Part I · Foundations Week 4 Published td.py test_td.py

Temporal-Difference Learning: TD(0), SARSA, and Q-Learning

Bootstrapping from sampled transitions: the TD(0) prediction update as a stochastic Euler step toward the Bellman fixed point, SARSA as on-policy control, and Q-learning as off-policy control. Where temporal-difference learning sits between Monte Carlo and dynamic programming, and what the SARSA/Q-learning split reveals on the cliff.

On this page

The TD(0) update
TD(0) as a stochastic Euler step
SARSA: on-policy control
Q-learning: off-policy control
On-policy vs off-policy: the cliff
n-step TD and the bias–variance dial
The dynamic-programming bridge
What’s next
Exercises
Companion code

Temporal-Difference Learning: TD(0), SARSA, and Q-Learning

Where we are. Monte Carlo (Chapter 3) waited for a full episode to terminate, then averaged the realized return — unbiased, but high-variance and episodic-only. Dynamic programming (Chapters 1–2) never sampled at all; it bootstrapped each value from other current estimates through the model. Temporal-difference learning is the missing synthesis: sample one transition like Monte Carlo, and bootstrap from the current estimate like dynamic programming. The result learns online, from a single step, with no model and no wait for the episode to end. Its load-bearing object is the TD error $\delta_t = R_{t+1} + \discount V(S_{t+1}) - V(S_t)$ — a one-sample estimate of the Bellman residual.

Chapter 4 — at a glance

Goal. Read TD(0) as a stochastic-approximation step toward $\valuefn_\policy$ ; derive its expected update as a Bellman-operator step; build SARSA (on-policy) and Q-learning (off-policy) control on the same error; and see the on-/off-policy split made concrete on the cliff.

Reading time. ~35 minutes; ~55 with the proofs and exercises.

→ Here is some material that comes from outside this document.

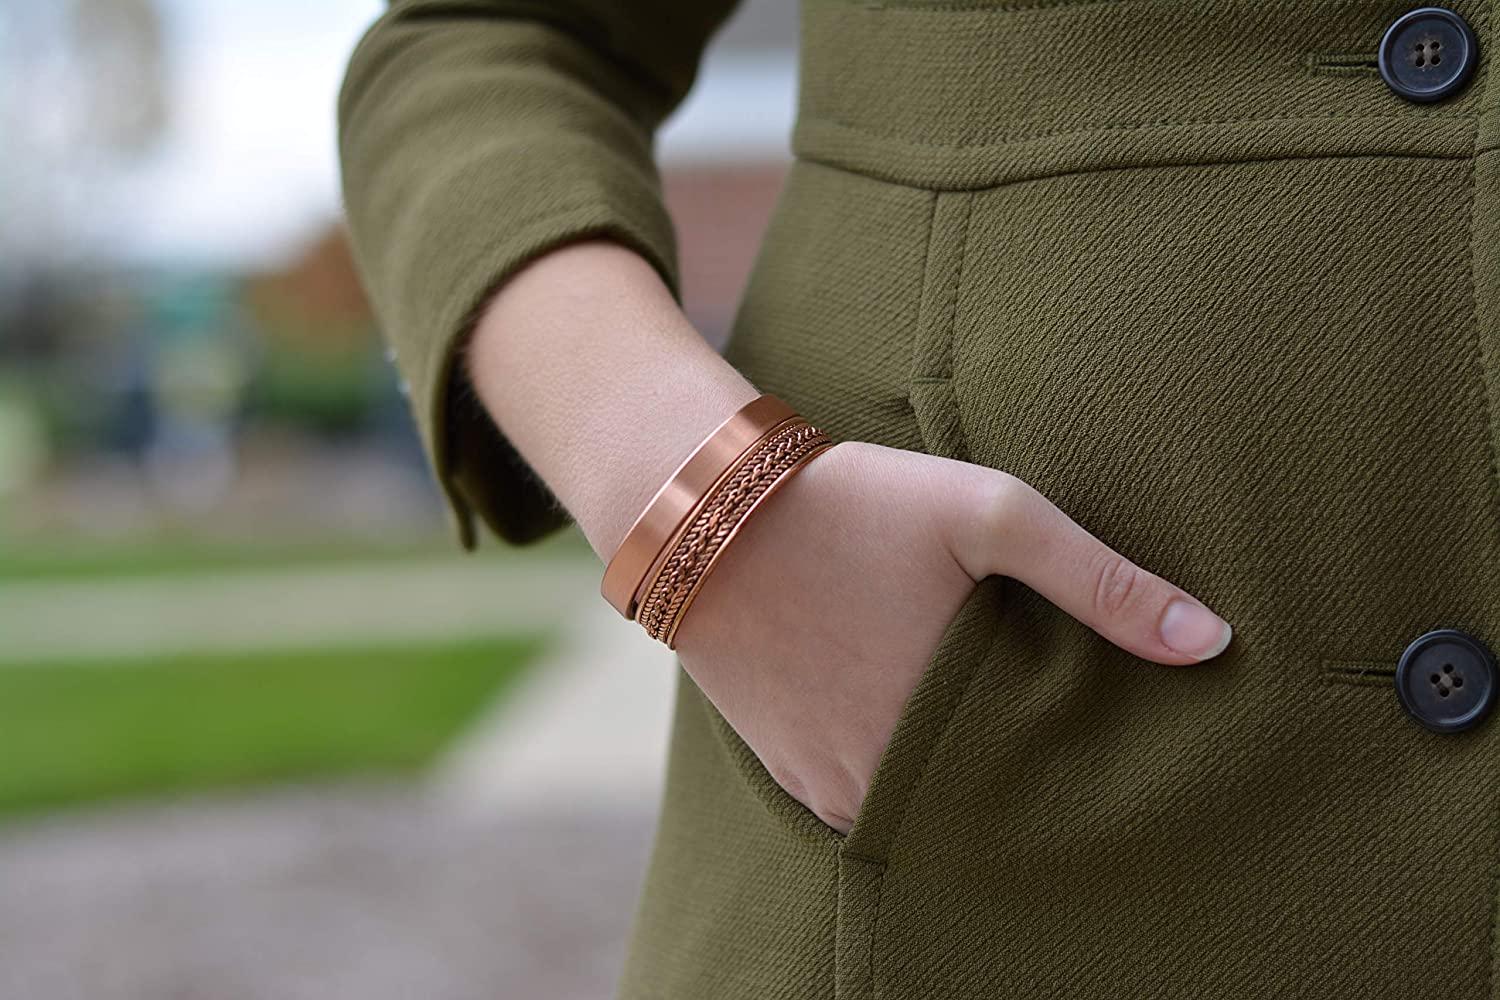 Solid copper magnetic bracelet, copper bracelets for arthritis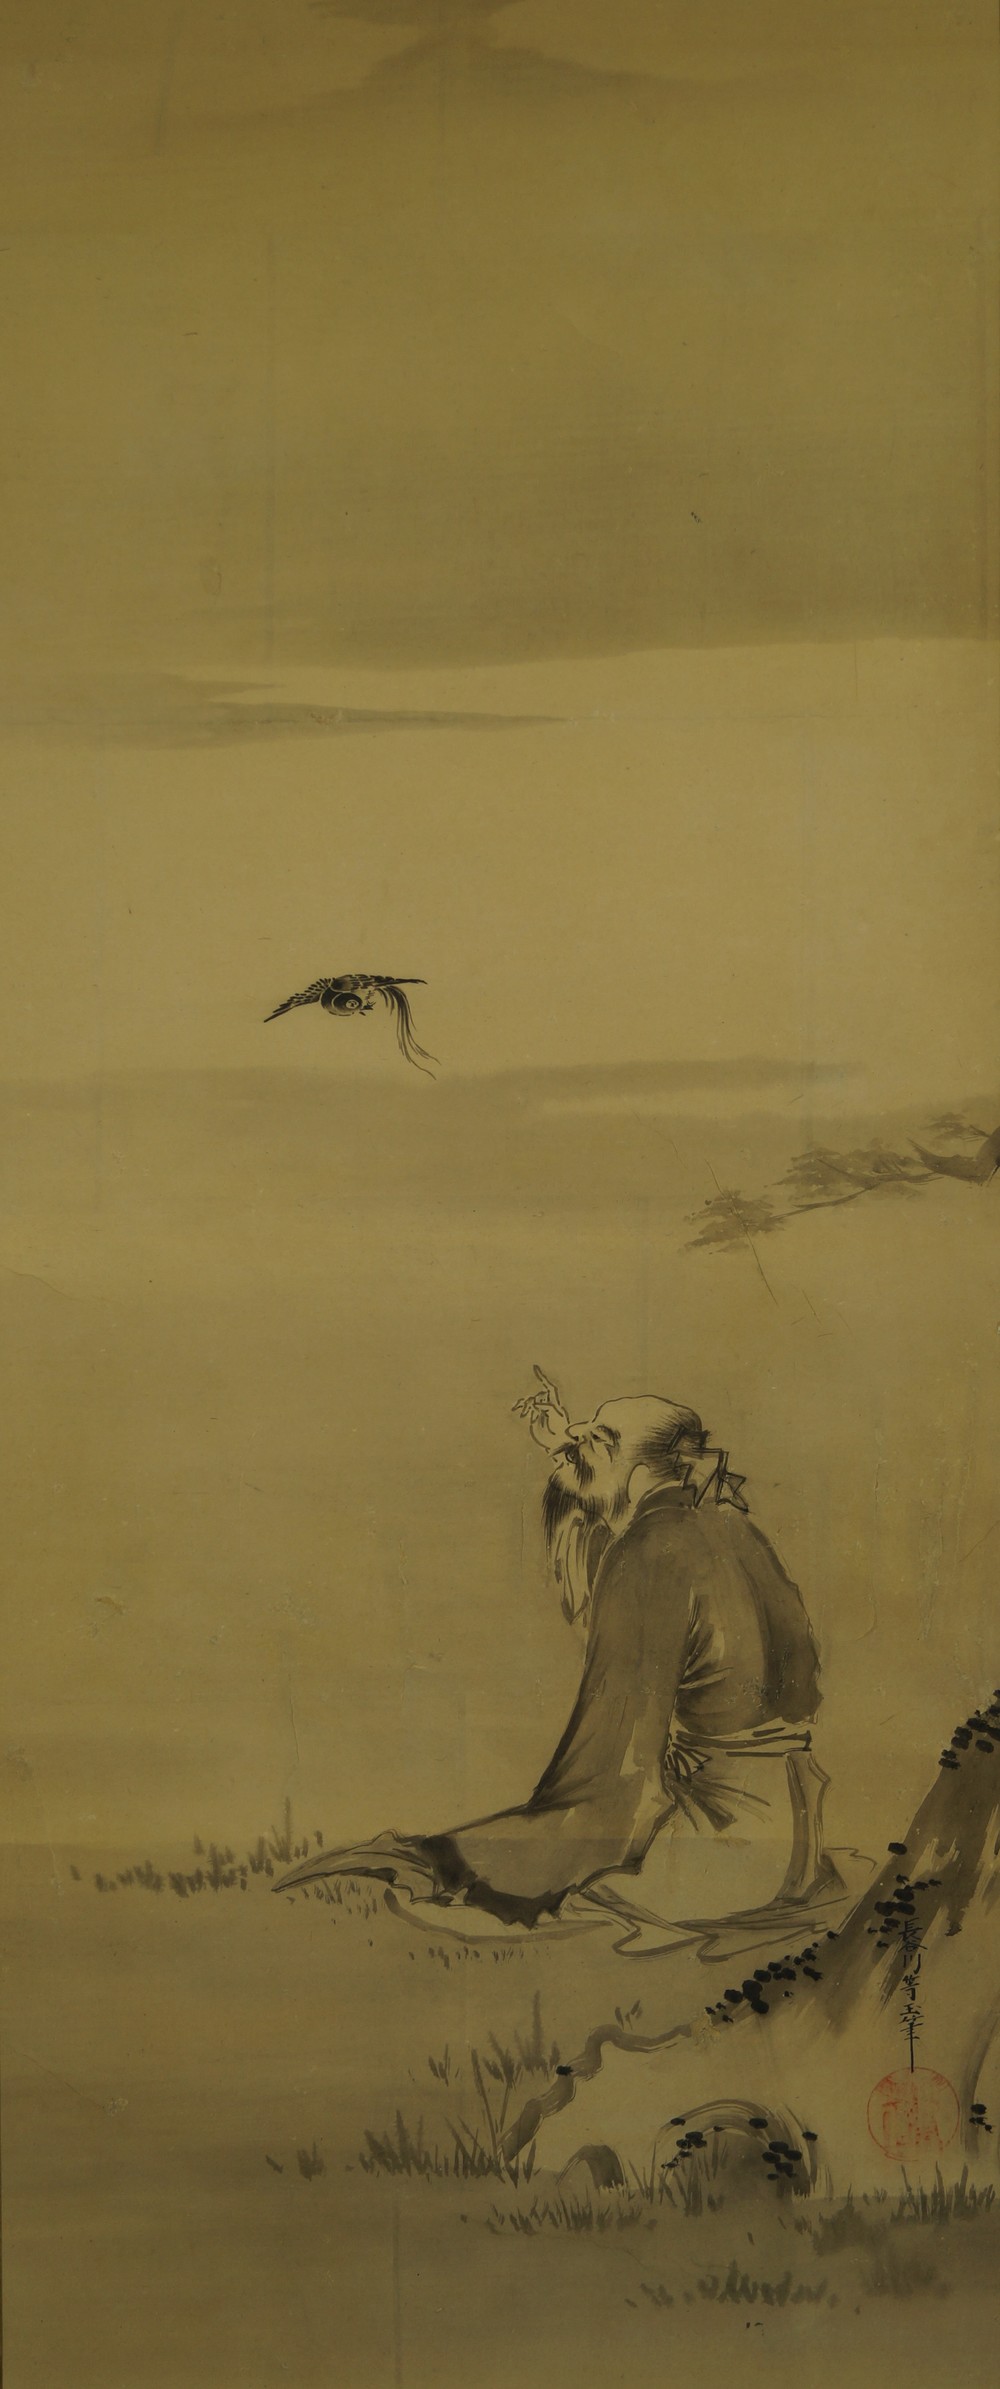 Der Mann und der Vogel - Japanisches Rollbild (Kakejiku, Kakemono)

Key insight — the DP bridge. TD is the sampled, bootstrapped, asynchronous Bellman backup. Where Chapter 2’s real-time DP applied the model expectation along a trajectory, TD replaces that expectation with a single sampled successor and takes a small step $\alpha$ toward it: $V(S_t) \leftarrow V(S_t) + \alpha\,\delta_t$ . In expectation it is the Bellman operator (the model average), so it inherits the $\discount$ -contraction’s fixed point while paying sampling variance for dropping the model.

The TD(0) update

Given a single transition $(S_t, R_{t+1}, S_{t+1})$ generated under $\policy$ , TD(0) nudges the value of the visited state toward a bootstrapped target:

V(S_t) \;\leftarrow\; V(S_t) + \alpha\,\big[\, \underbrace{R_{t+1} + \discount V(S_{t+1})}_{\text{TD target}} - V(S_t) \,\big] = V(S_t) + \alpha\,\delta_t ,

with step size $\alpha \in (0,1]$ . Compare the three targets we have now for the same quantity $\valuefn_\policy(S_t)$ : Monte Carlo uses the full sampled return $G_t$ (no bootstrap, needs the episode to end); dynamic programming uses the model expectation $(\bellman^\policy V)(S_t)$ (full bootstrap, needs the model); TD(0) uses $R_{t+1} + \discount V(S_{t+1})$ — one sampled successor plus a bootstrap off the current estimate.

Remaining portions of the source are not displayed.